ECOCORE & IN4GREEN: INNOVATIONS FOR GREENER SPACES
Industrial cities cannot simply be told to ‘go green’. They need skills, investment, business support and practical pathways. The potential impact is measurable: green transition policies are already linked to employment growth, with EU environmental goods and services employment rising from 2.02% to 3.1% of total employment between 2010 and 2022. In industrial cities, this can translate into practical outputs such as sustainability training for companies, green skills programmes, renewable energy communities, and more attractive green employment districts.
In Balbriggan (IE), one of nine cities involved in EcoCore, local partners set out a route to turn a conventional edge-of-town industrial area into a green employment hub. This links sustainable mobility, skills, circularity and climate-resilient infrastructure.

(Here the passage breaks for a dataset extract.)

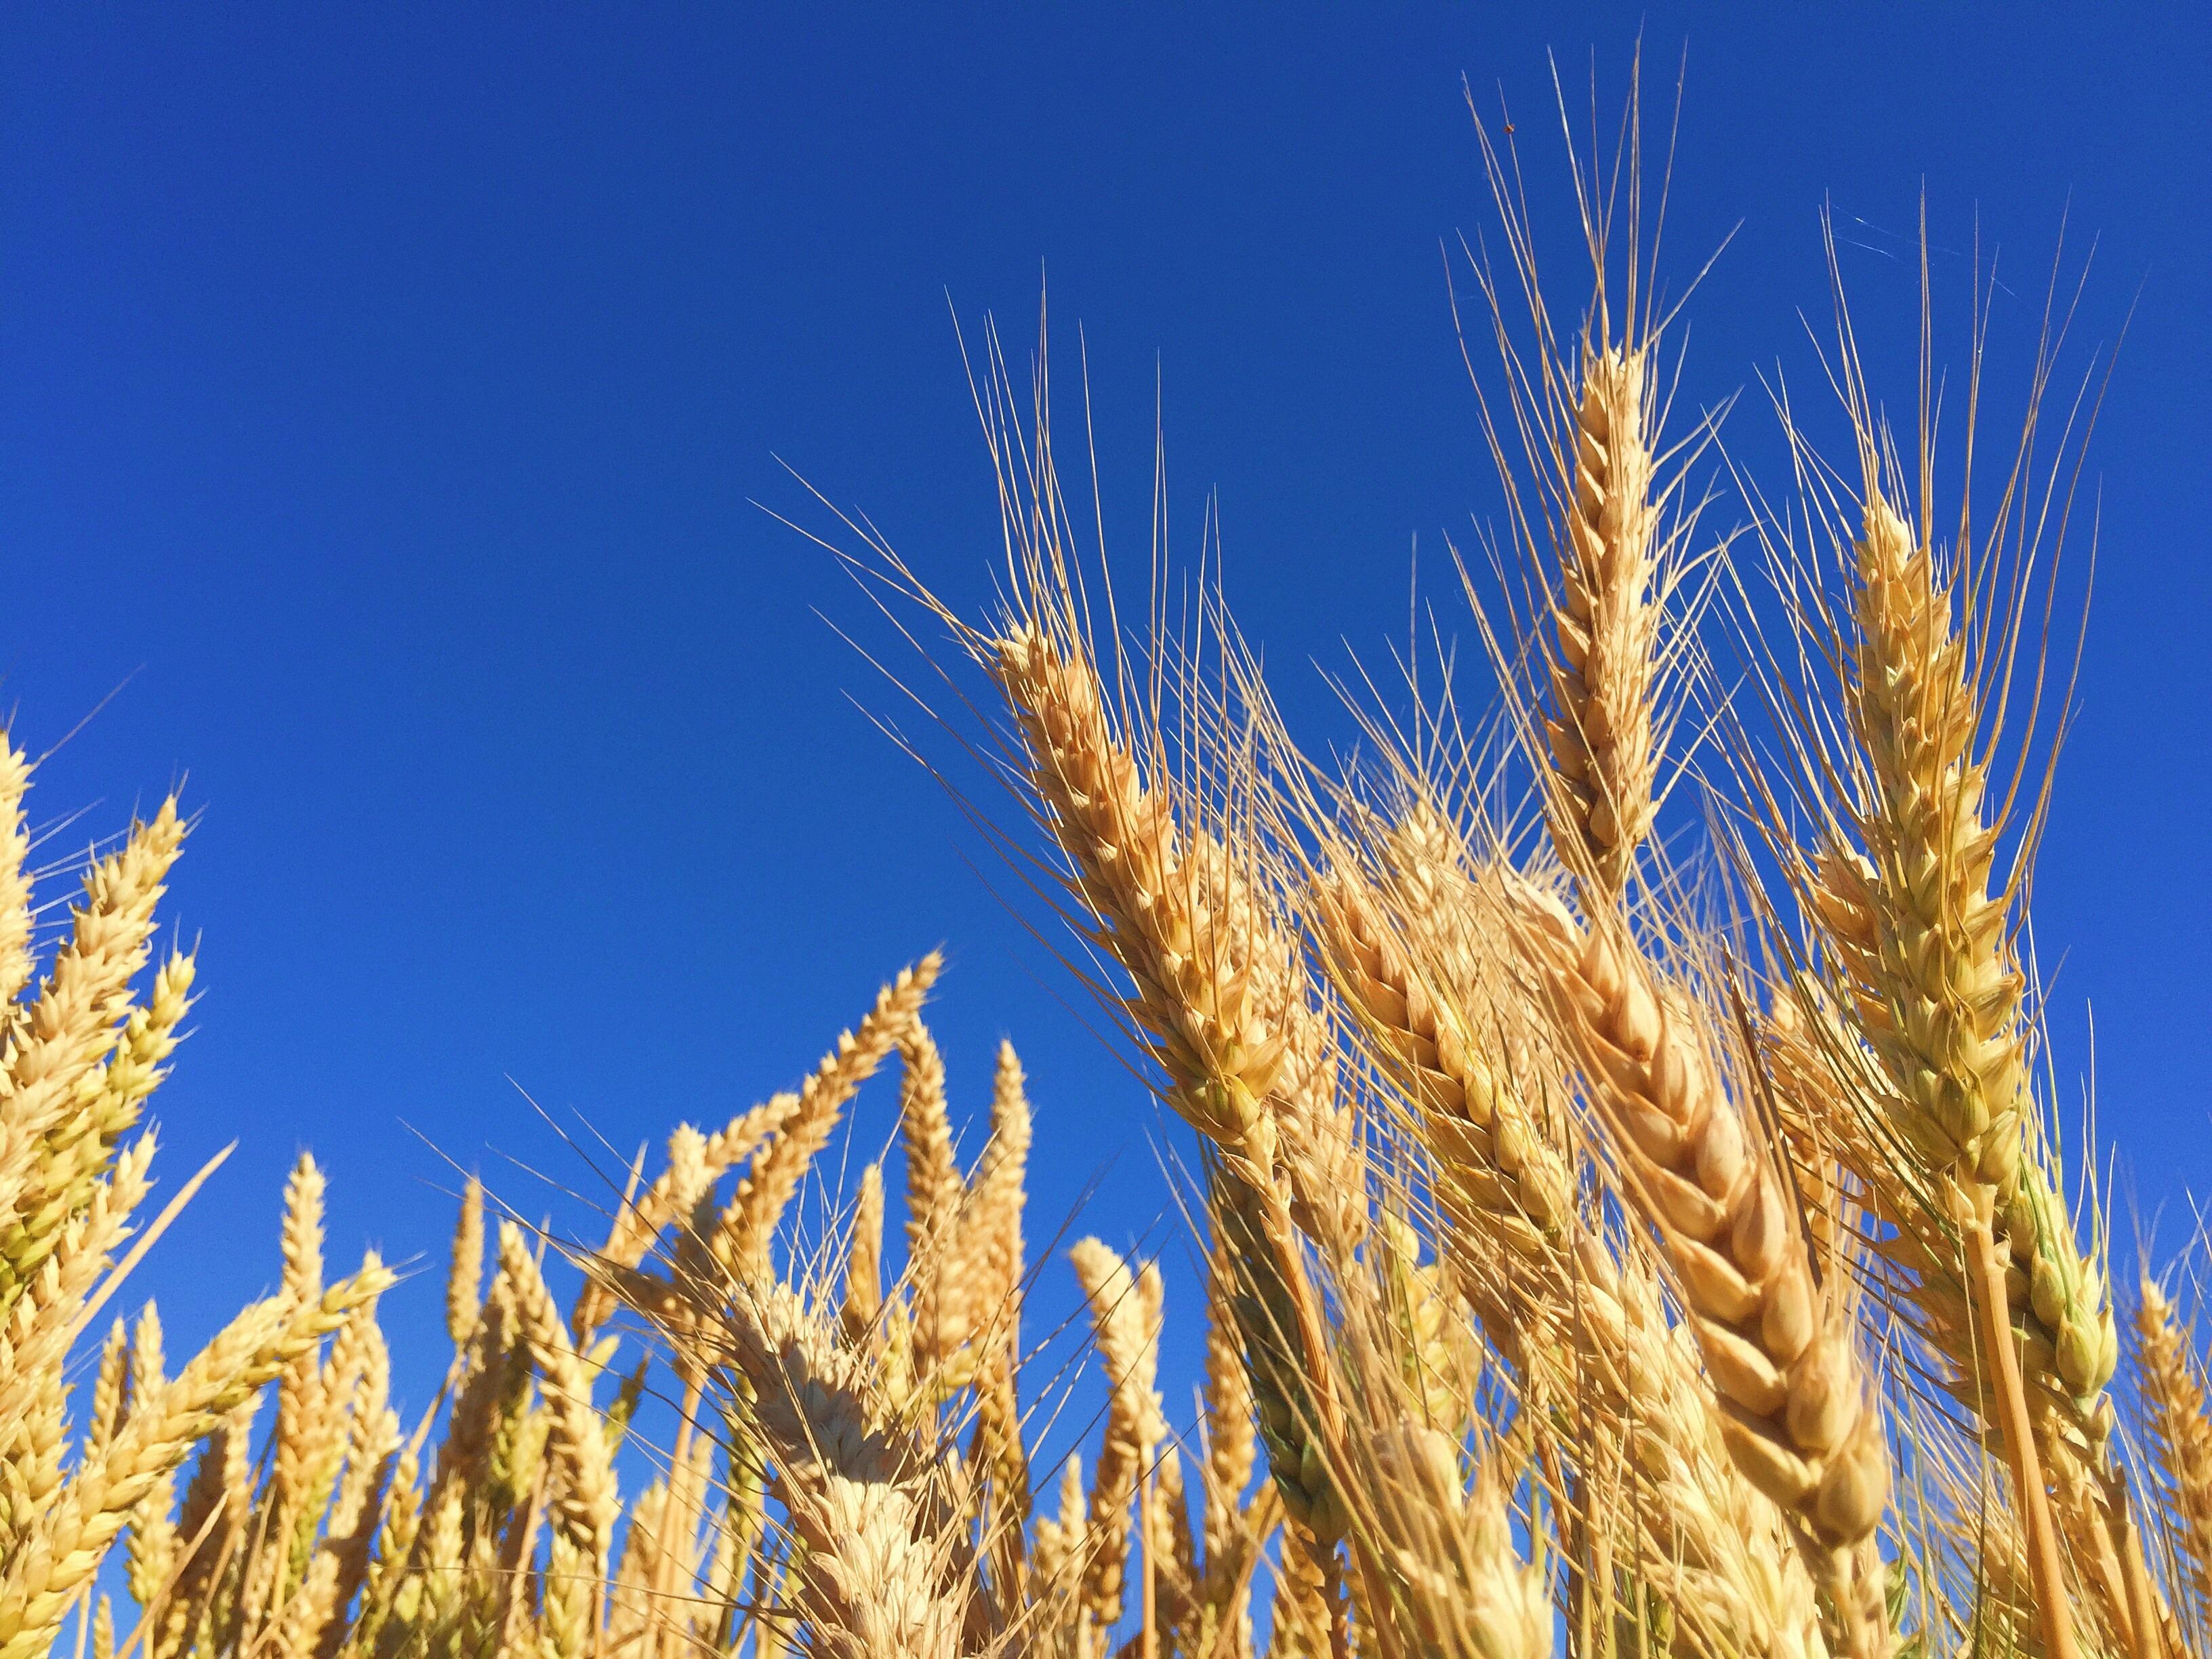 Free Images : sky, field, barley, prairie, crop, agriculture

In4Green also shows that industrial legacy can become an innovation asset: in Avilés (ES), one of the 10 In4Green partner cities, the shift from heavy industry towards a green innovation hub includes a Science and Technology Park and 10 new R&D centres, helping connect industrial cooperation, SME engagement and decarbonisation support, through one of the network’s most advanced testing actions reaching more than 200 SMEs through carbon-footprint diagnostics and practical reduction roadmaps.
Are you a small city working along a transport corridor or industrial area, but struggling with limited capacity? Listen to EcoCore’s podcast series. Through accessible stories on green jobs, leadership, planning tools, alliances and innovation ecosystems, it shows that small cities can also lead the green transition and that technical learning does not always need to come in a long report.
Is your city an industrial city trying to green its economy? Start with the In4Green Playbook. It brings together pathways, city examples, testing activities, governance approaches, indicators and practical warnings about what to avoid. It can help local authorities work with businesses, skills providers and communities to turn industrial transition into a shared local agenda.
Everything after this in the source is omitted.